Agents in our mutual liberation

November 20, 2009

Elizabeth Wrigley-Field looks at the history of the disability rights movement--and what it tells us about struggles for liberation.

I HAVE learned so much from's ongoing discussion of whether animal rights is a useful framework for challenging the gratuitous cruelty created when nothing--not nature, companionship, human lives nor human bodies--is socially valued except as a means of creating profit.

Charles Feldman asks an excellent question about how disabled people fit into the equation. I want to argue that the history of the disability rights movement underscores the central point of Paul D'Amato's original column: Self-determination, not charity, is the key to liberation.

The disability rights movement's demands have echoed those of every other civil rights struggle: an end to discrimination; economic services that move legal rights off paper and into reality (just as Martin Luther King, Jr., asked, "What does it profit a man to be able to eat at an integrated lunch counter if he doesn't earn enough money to buy a hamburger and cup of coffee?" a disability activist might ask, "What good is the right to employment if I can't access the health care that would let me work?"); above all, an end to paternalistic policies and a basic level of respect.

The modern disability rights movement grew out of the tremendous social upheaval that began with the civil rights movement and the movement against the Vietnam War, and grew into struggles for the liberation of women, gays and lesbians, Chicanos, and American Indians, and for environmental protections.

The apex of the disability struggle was a set of nationally coordinated protests in 1973 demanding that the Department of Health, Education, and Welfare (HEW) give teeth to newly passed civil rights protections for disabled people. In San Francisco, this took the form of a 25-day occupation of the HEW office, carried out by as many as 120 people.

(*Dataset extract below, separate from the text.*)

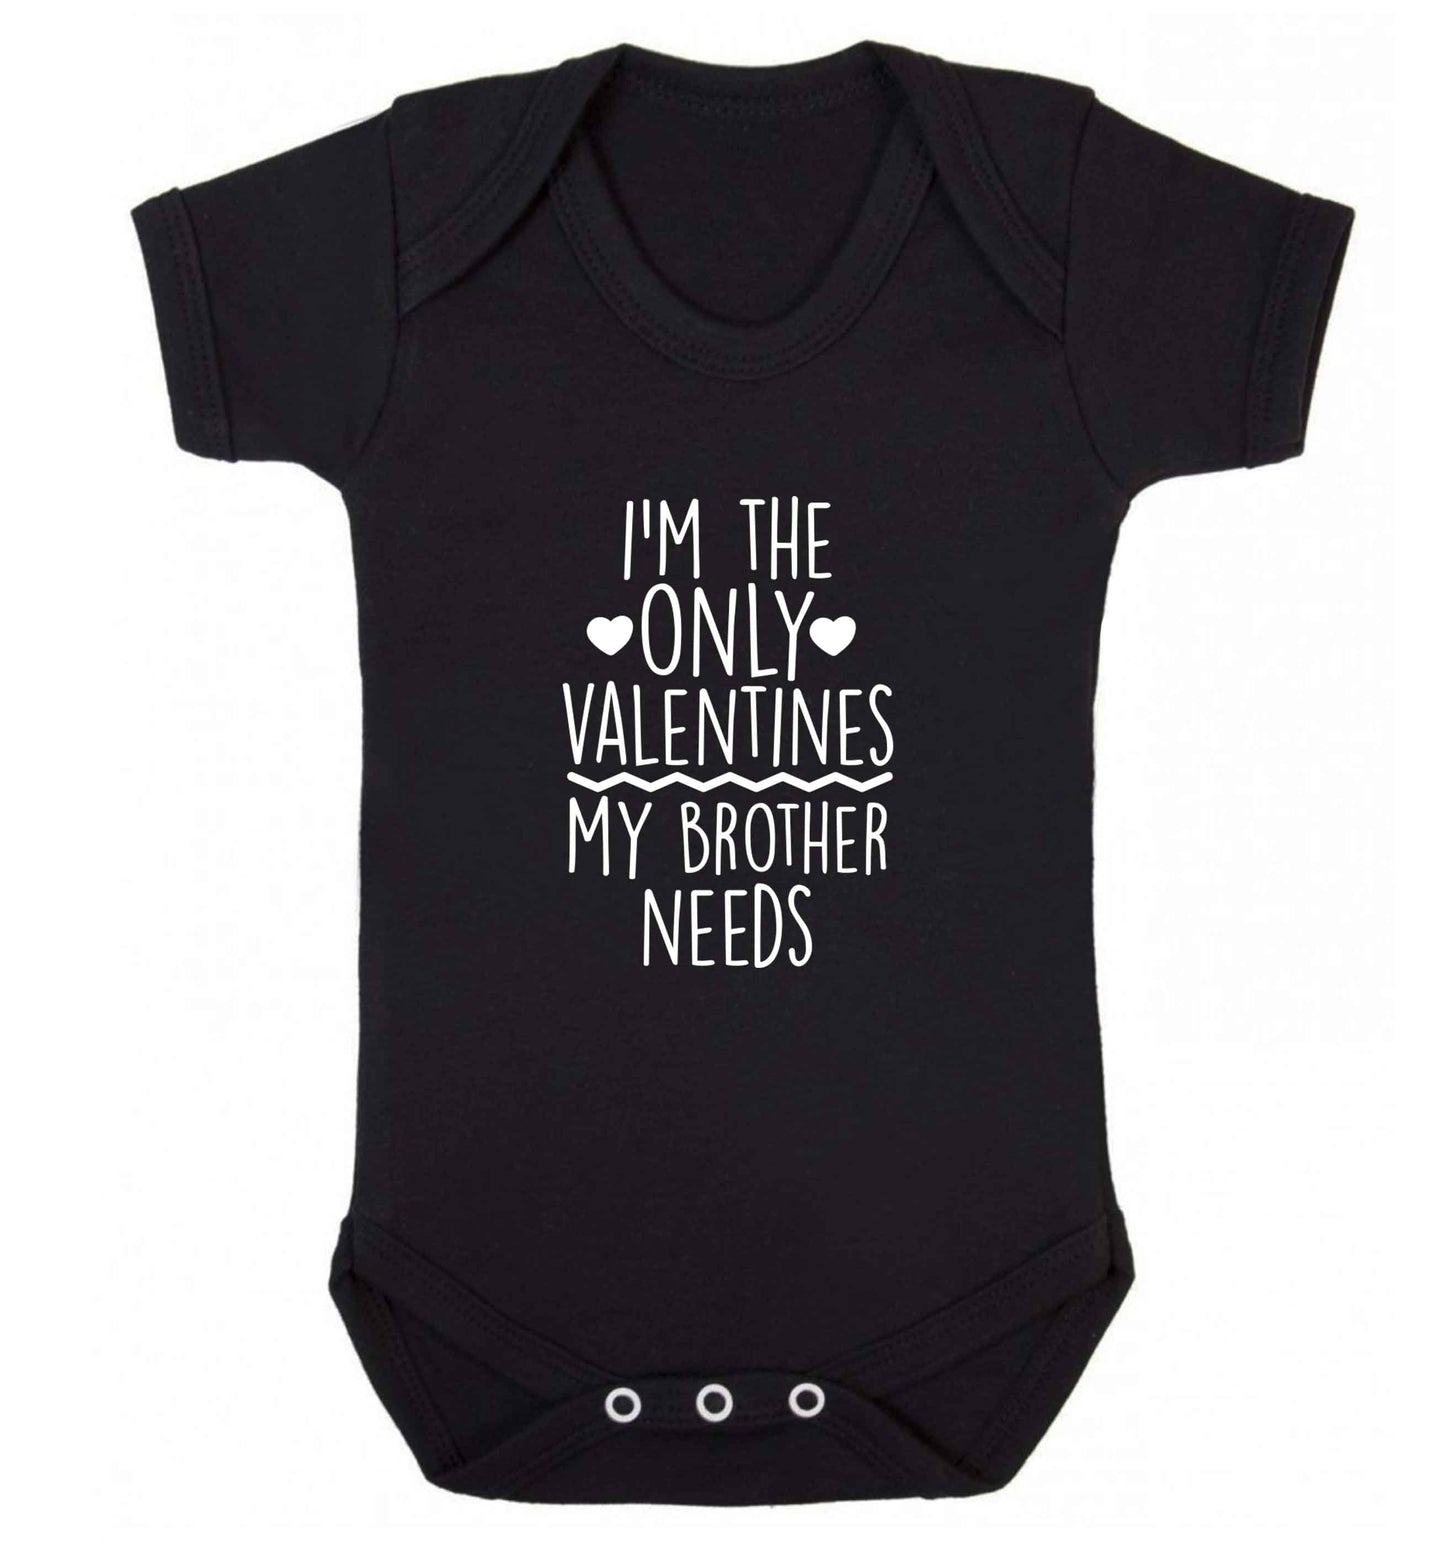 I'm the only valentines my brother needs baby vest black 18-24 months

Some of these protesters were literally risking their lives by foregoing medical services to continue the sit-in--especially when HEW tried to block personal care attendants from entering the building. The demonstrators were ultimately successful, thanks in part to their own creativity, and in part to material support they received from the Black Panthers, labor unions, gay rights activists and businesses pressured by activists to support the struggle.

The most inspiring part of this struggle to me, though, is the solidarity that developed among the protesters. "Disability" is an incredibly broad range of physical and social experiences, and before the sit-in, most activists identified themselves primarily with others sharing their particular disability.

During the sit-in, they discovered what was common in their experiences--most importantly, their shared desire for a life of their own choosing. This included physically disabled people overcoming their own prejudices against the mentally disabled who participated in the sit-in.

This solidarity reflected a process that I think has been central to every single liberation struggle: expanding demands for justice as the struggle itself teaches people that they, and others, deserve much more than they had ever realized--and are capable of more, too. This requires a fundamental self-awareness and sense of justice, for oneself and others.

Humans can revolutionize our economic and social system so that instead of corporate profit, a healthy respect for the natural world, including the wide variety of human bodies, is a core value of decision-making. But we can only succeed in this if we see one another as equal agents in our mutual liberation, not a group to be pitied and a group who should pity them. I think that is the essence of Paul's argument about liberation, and it is essential.

If readers want to know more about the politics of disability, an excellent article from a Marxist perspective by Ravi Malhotra was published in New Politics in 2001. A book-length history, from a more mainstream perspective but deeply inspiring, is Joseph Sharpiro's No Pity: People with Disabilities Forging a New Civil Rights Movement.